The Technical situation does not look any better. The price bounced from 20 USD/bbl. and tested the 28 USD/bbl. level as a closest resistance before going into a downswing. Most recently, the price was creating a pennant and broke its lower line. That breakout is a negative factor and hints at a further slide south.
A weaker USD along with global turmoil help Gold. Technically, Gold found a local support, slightly bellow the 1600 USD/oz level and will most likely use it to make an attempt at new mid-term highs. Sentiment here is definitely positive.
Let’s also look at the SP500, where the last day brought us a decisive bearish victory. The price failed to continue a bearish attack and failed to break the 23,6% Fibo and the resistance on the 2550 points. We also managed to break the short-term up trendline coming from the latest correction. As long as we stay below the green area, the sentiment will remain negative.
Yesterday morning, we recorded a video analysis, where we were informing you about the potential buy signal on the DAX, coming from the breakout of the neckline of the inverse head and shoulders pattern. The price broke the neckline, went higher and the DAX saw one of its best days on record.
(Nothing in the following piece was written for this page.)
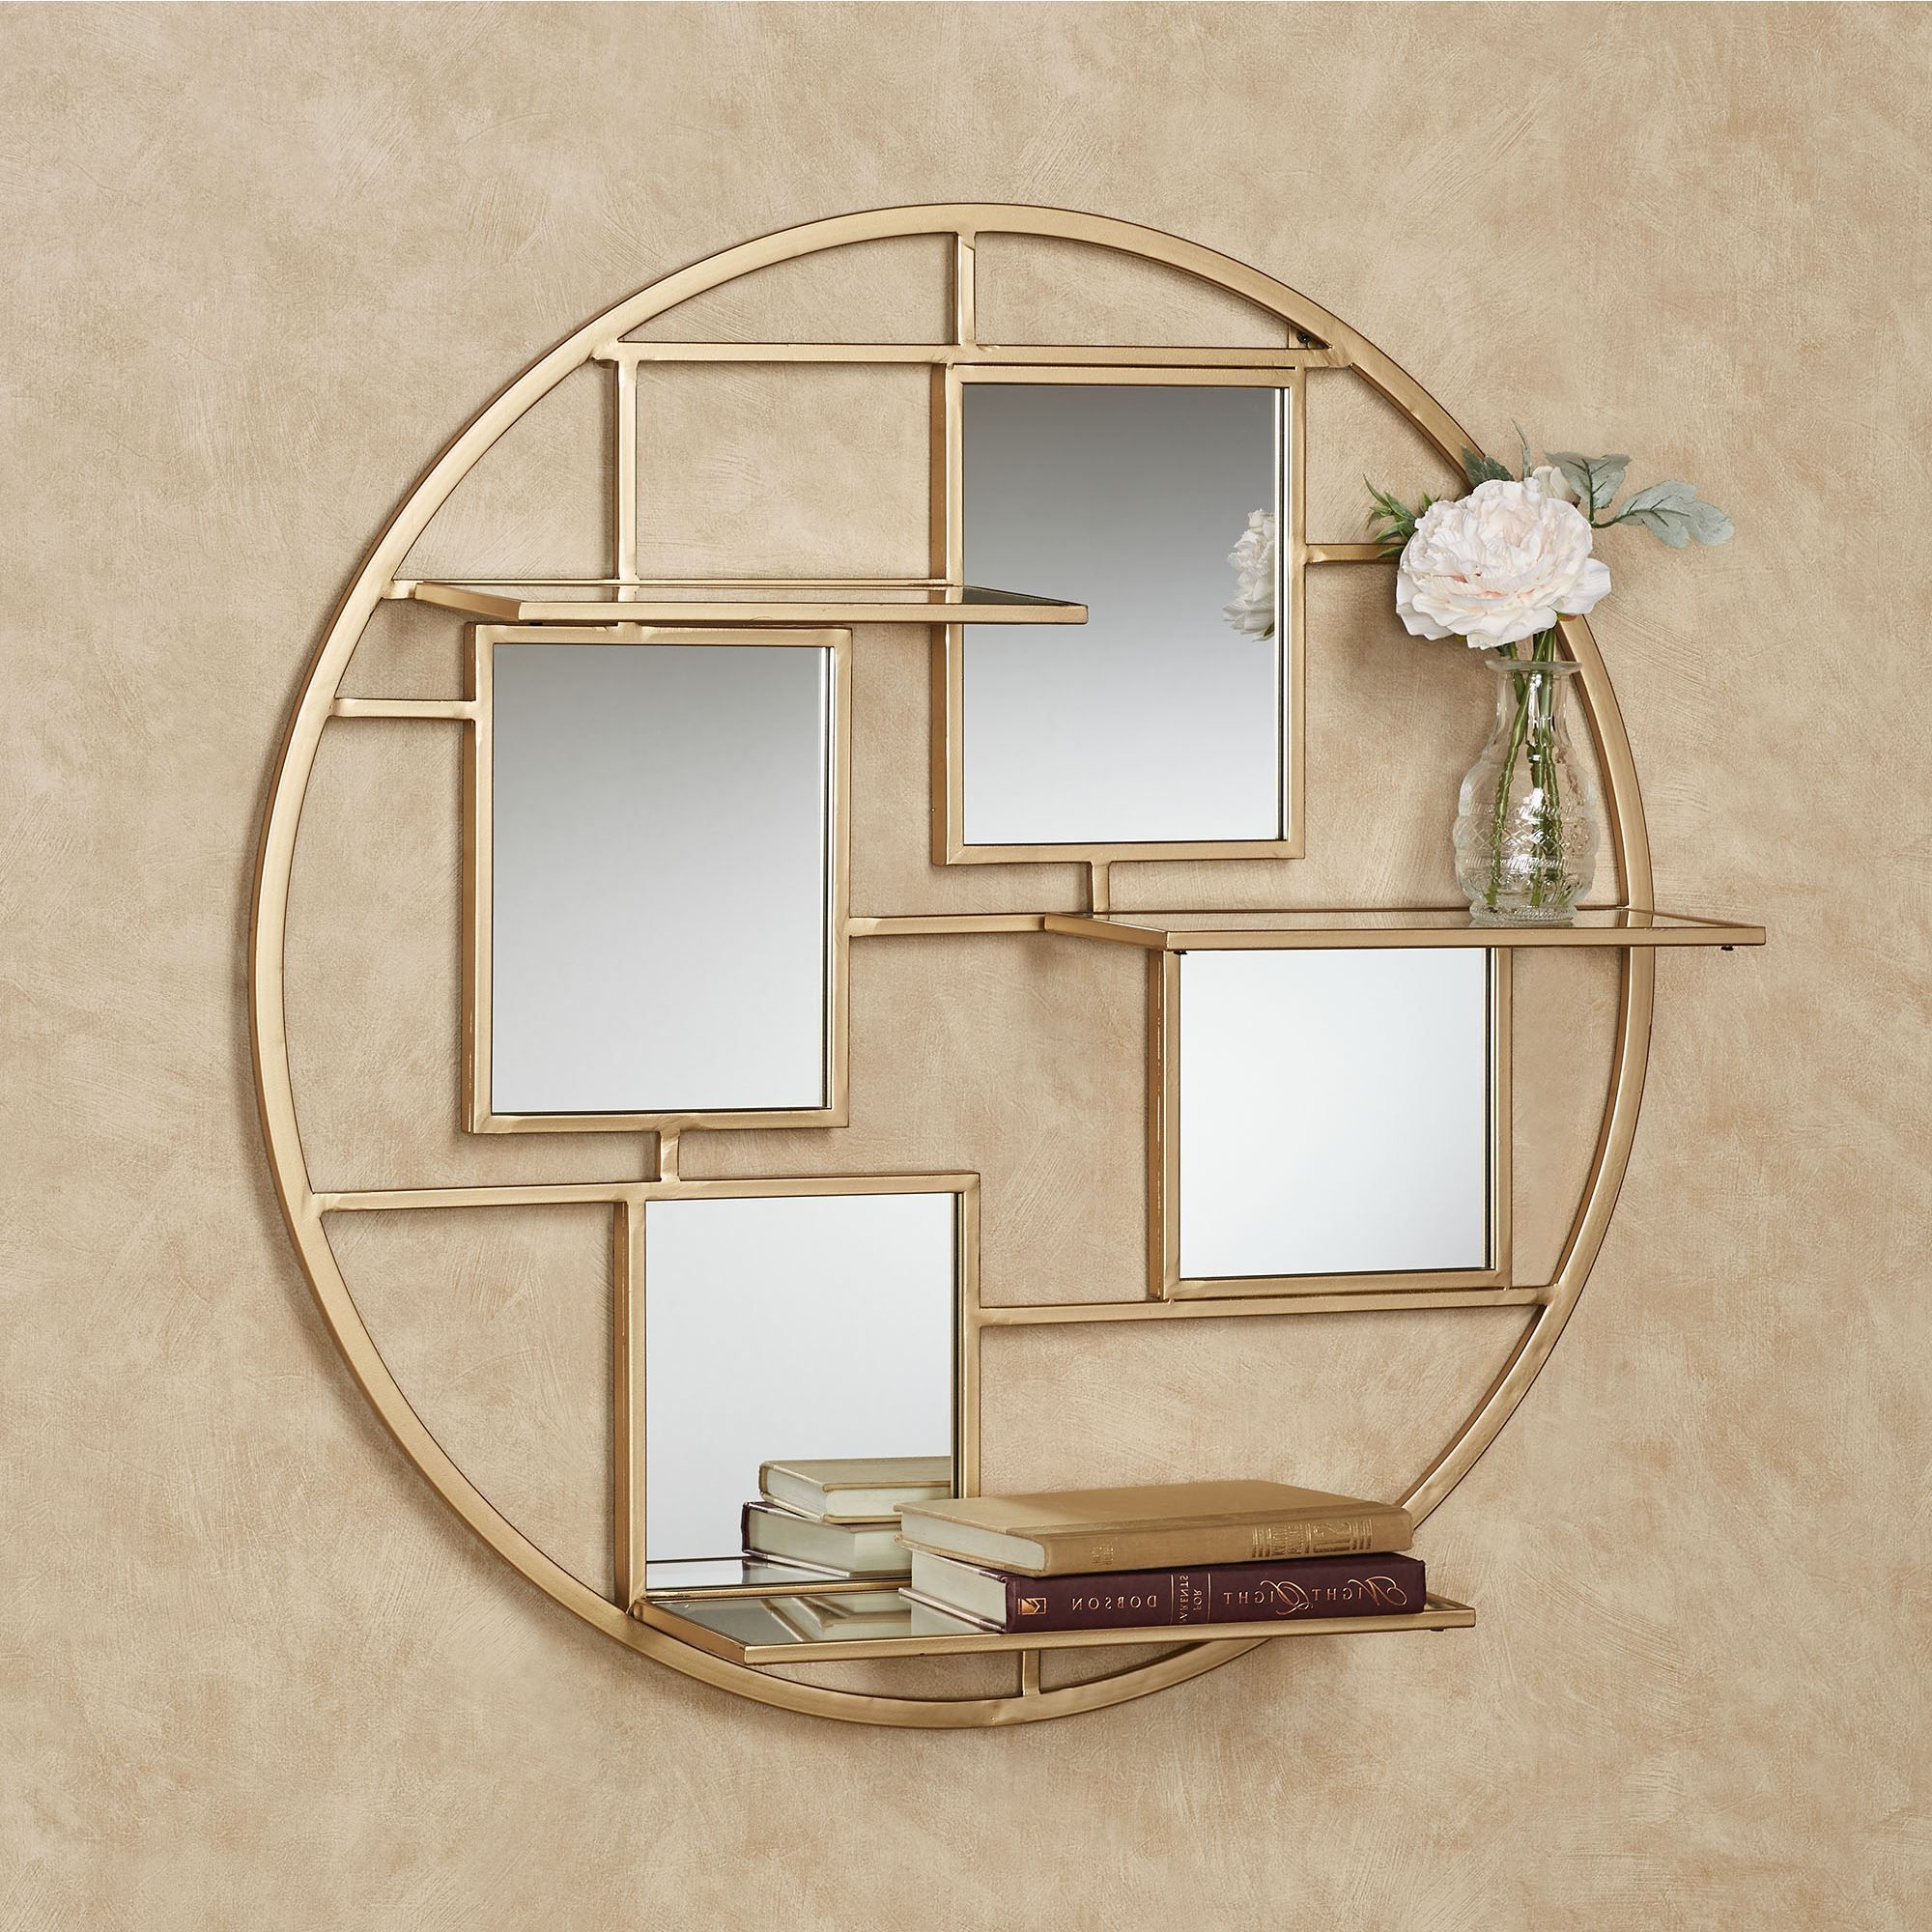 Brioni Gold Metal Mirrored Wall Art Shelf With Famous Gold Fan Metal Wall Art (View 12 of 15)

We can’t say we’re surprised.
Wednesday on the European Market started with a small pullback but I guess it’s normal after an upswing like that. The DAX is close to the 10200 points so a 38,2% Fibonacci retracement of the coronacrash. I think that they will not waste this great occasion to test this resistance. In my opinion, the future of this instrument depends on what will happen there. A strong reversal can easily end this relief rally but on the other hand, breakout should attract bulls, looking for bargains on the discounted market.
Can we spot a similar situation in the US? We most definitely can but the scale of the reversal is lower. The Dow Jones also created an inverse head and shoulders pattern and broke the neckline. The thing is that the momentum is not so significant as with its German counterpart. Americans, so far, retraced only slightly more than 23,6% of the coronacrash. A 38,2% line is still far. Nevertheless, as long as we stay above the neckline, the mid-term sentiment remains positive.
Let’s check the sentiment towards the emerging markets currencies, I will use the USDPLN as an example. We can see that sentiment here warms along with the one on the stock market. USDPLN stopped this crazy upswing on its 2016 highs. On the hourly chart, the price is creating a head and shoulders pattern and is trying to break the neckline as we speak. A successful breakout can bring us to areas around 4.12.
Coronavirus has started showing signs of slowing down in Italy, which is giving everybody hope. On the other hand, we have new restrictions in the UK, which is still in the early stage of the epidemic. The FED tries to lift the markets again but the bazooka which they used yesterday was more like a rubber stick than a miracle weapon or maybe it is but it works with some kind of a delay. Yesterday, investors rather ignored the news from FED but Tuesday starts with optimism.
Let us show you the DAX, which is still fighting on the crucial long-term support of 8200 points and on this support, we are drawing an inverse head and shoulders pattern. We all know that this formation is a very powerful one but it gives a buy signal only after the breakout of the neckline. The thing is that the neckline is being challenged right now. A breakout can bring us optimism but the bounce and the drop will be another bearish factor and we already have quite a few of them.
Gold bounced from the crucial support level of 1450 USD/oz and yesterday broke its crucial resistance around 100 USD higher – on the 1550 USD/oz. After the breakout of that resistance, the way towards the new highs is pretty much opened and Gold is ready to shine again.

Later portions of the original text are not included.